Open Skills Project
The Open Skills Project is a public-private partnership lead by the University of Chicago focused on providing a dynamic, up-to-date, locally-relevant, and normalized taxonomy of skills and jobs that builds on and expands on the Department of Labor’s O*NET data resources. It’s aim is to improve our understanding of the labor market and reduce frictions in the workforce data ecosystem by enabling a more granular common language of skills among industry, academia, government, and nonprofit organizations.
Open Skills API
The Open Skills API is an interface for developers to build applications using data produced by the Open Skills Project.
Open Skills Research Hub
The Open Skills Research Hub is a collection of public datasets produced by the Open Skills Project for the purpose of collaborative research.
Understanding how our data relates to the labor market is important to us at Data@Work.
Funded Research Opportunity
Data@Work has selected recipients of the Research Hub Funded Research Opportunity.

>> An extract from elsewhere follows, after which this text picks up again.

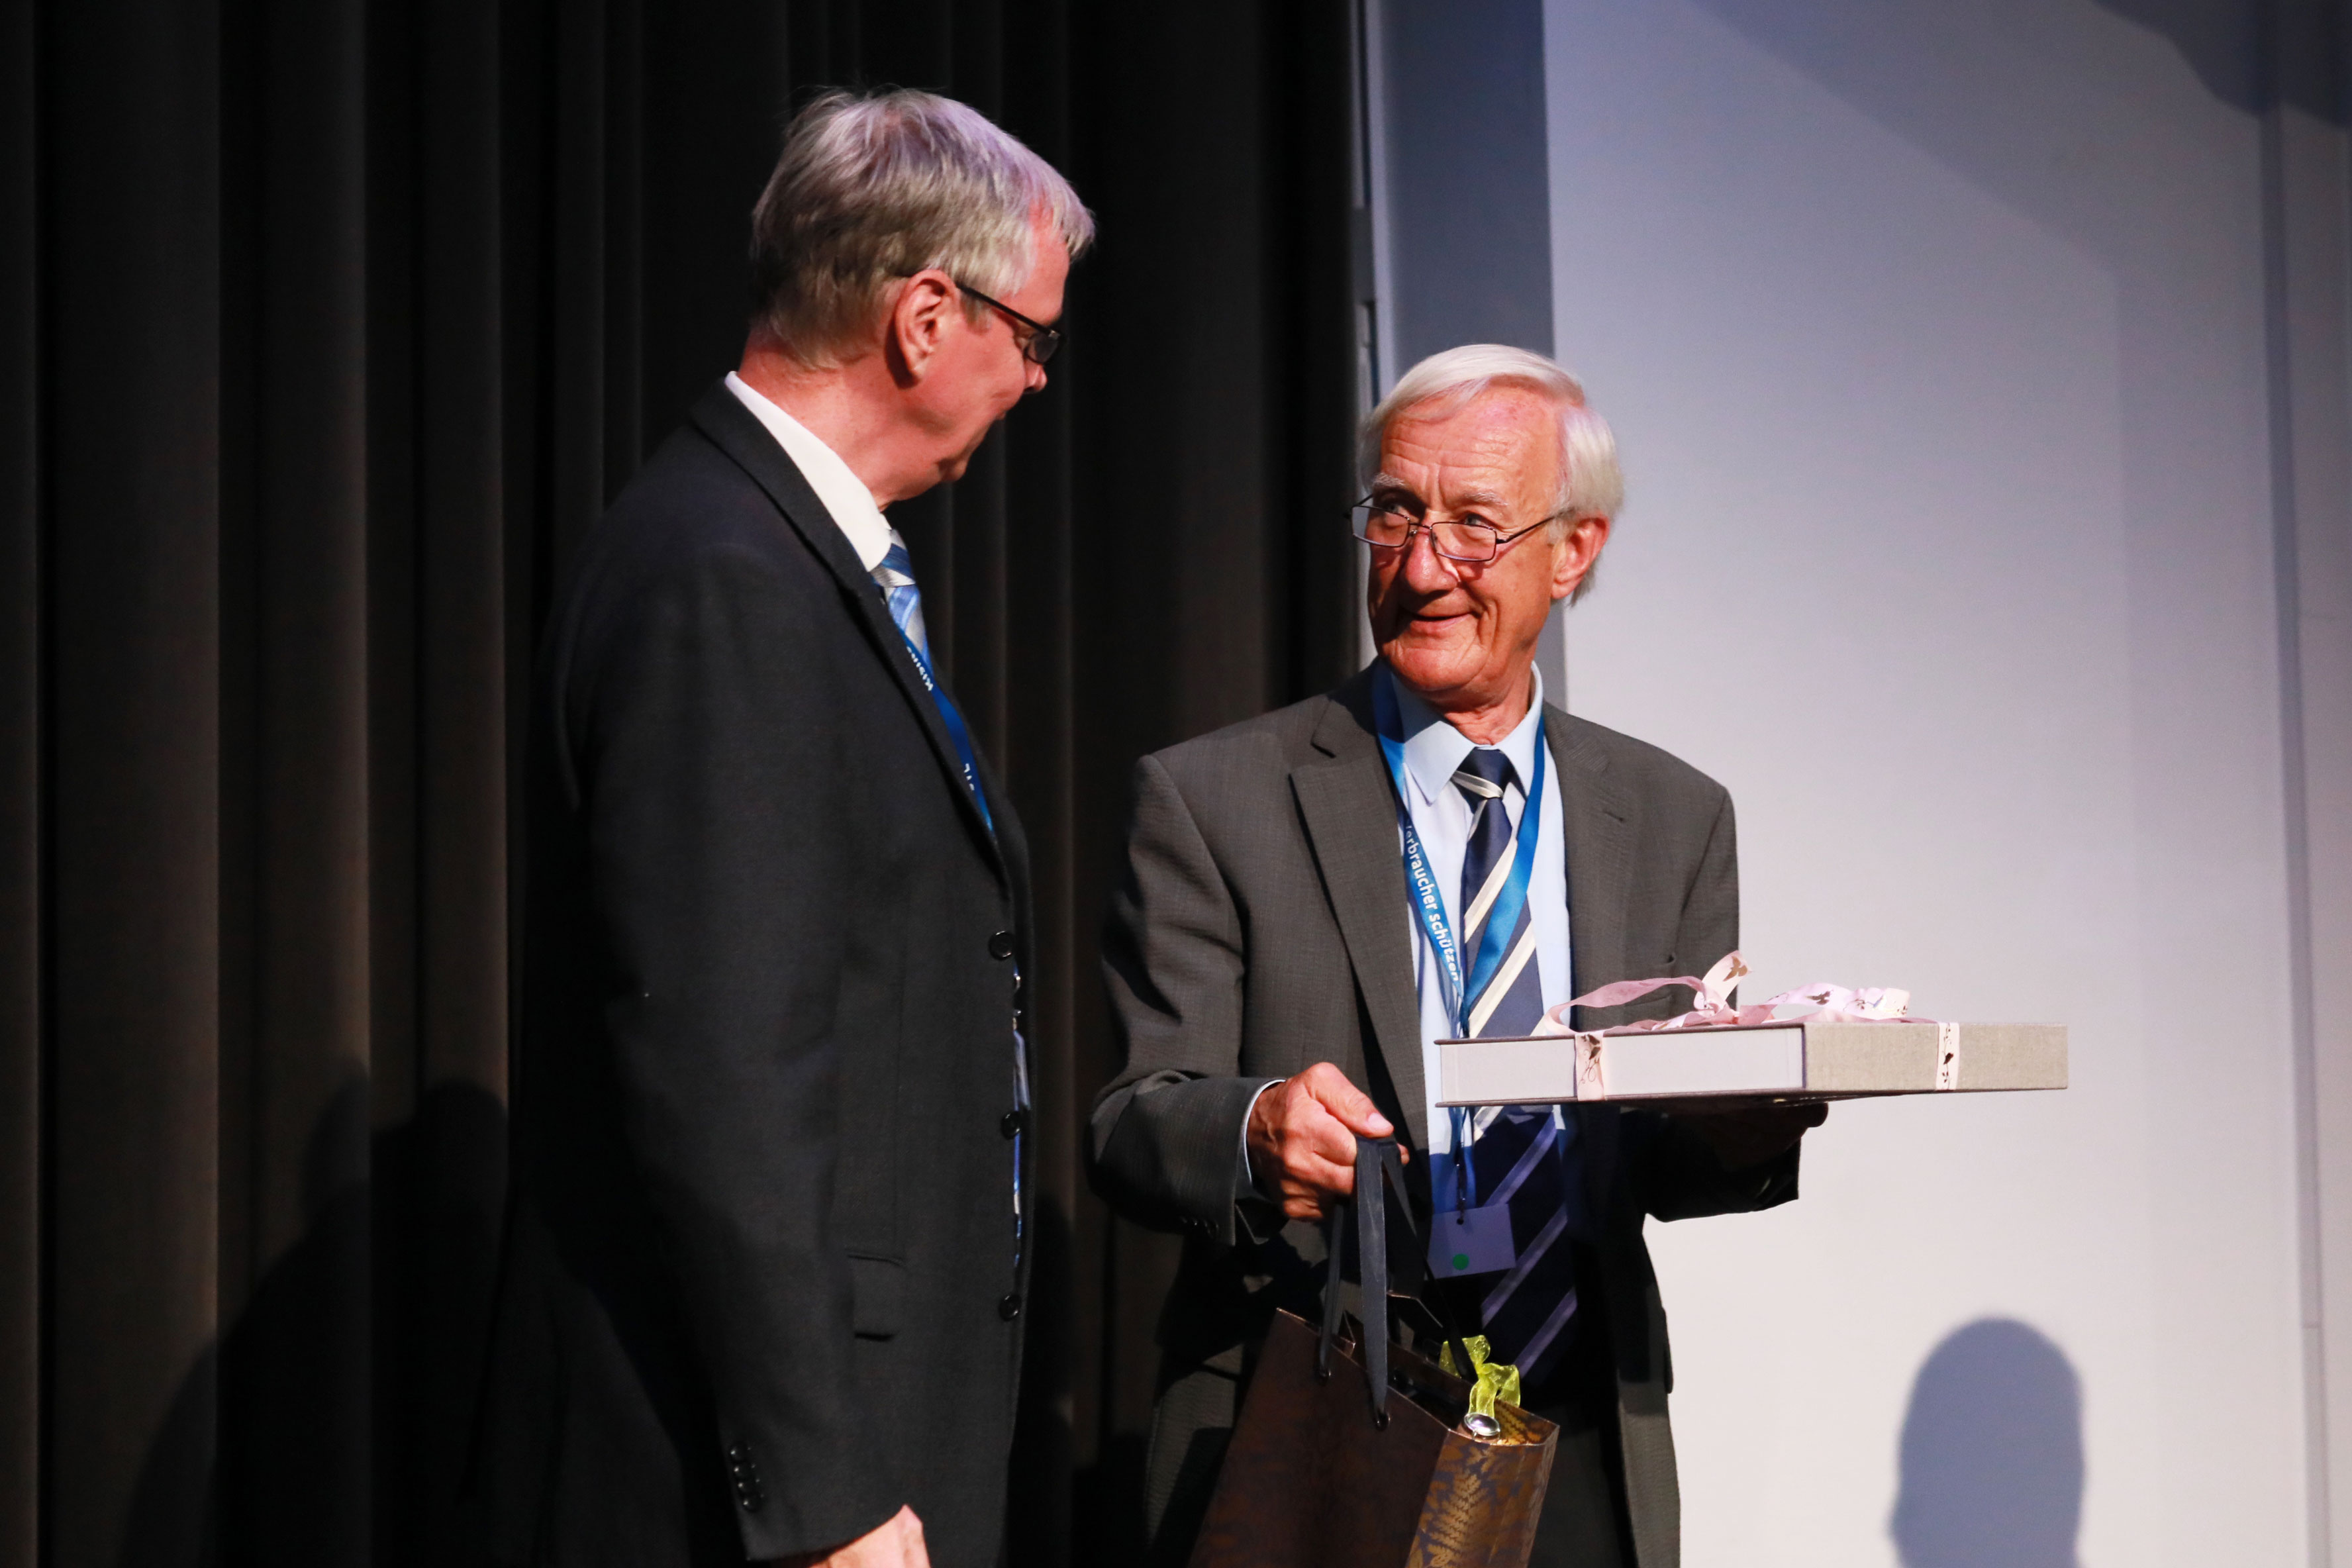 Der Vorsitzende der ZKBS, Herr Prof. Dr. Dr. Vahlenkamp ehrt das langjährige ZKBS-Mitglied Prof. Dr. Wilfried Wackernagel.

Stay tuned for more information!
For researchers interested in the work we’ve been doing, here is an overview. We also post updates to our blog about our work.
What Has Been Done
Currently we have a machine learning pipeline, in Airflow and as Python scripts, that provides classes to preprocess data with NLP transforms, ingest known skills and job titles, label skills, job titles within corpora, generate special representations of skills and job titles and, finally, save off version controlled instances of data and outputs flowing through the pipeline stages.
What We Are Working on Now
We are working on skill tagging, using NLP and other strategies, to identify known and unknown skills present in our partner data and other open sources. We use neural embeddings supplemented with more traditional NLP techniques for additional flexibility, which is especially important as new skills emerge over time.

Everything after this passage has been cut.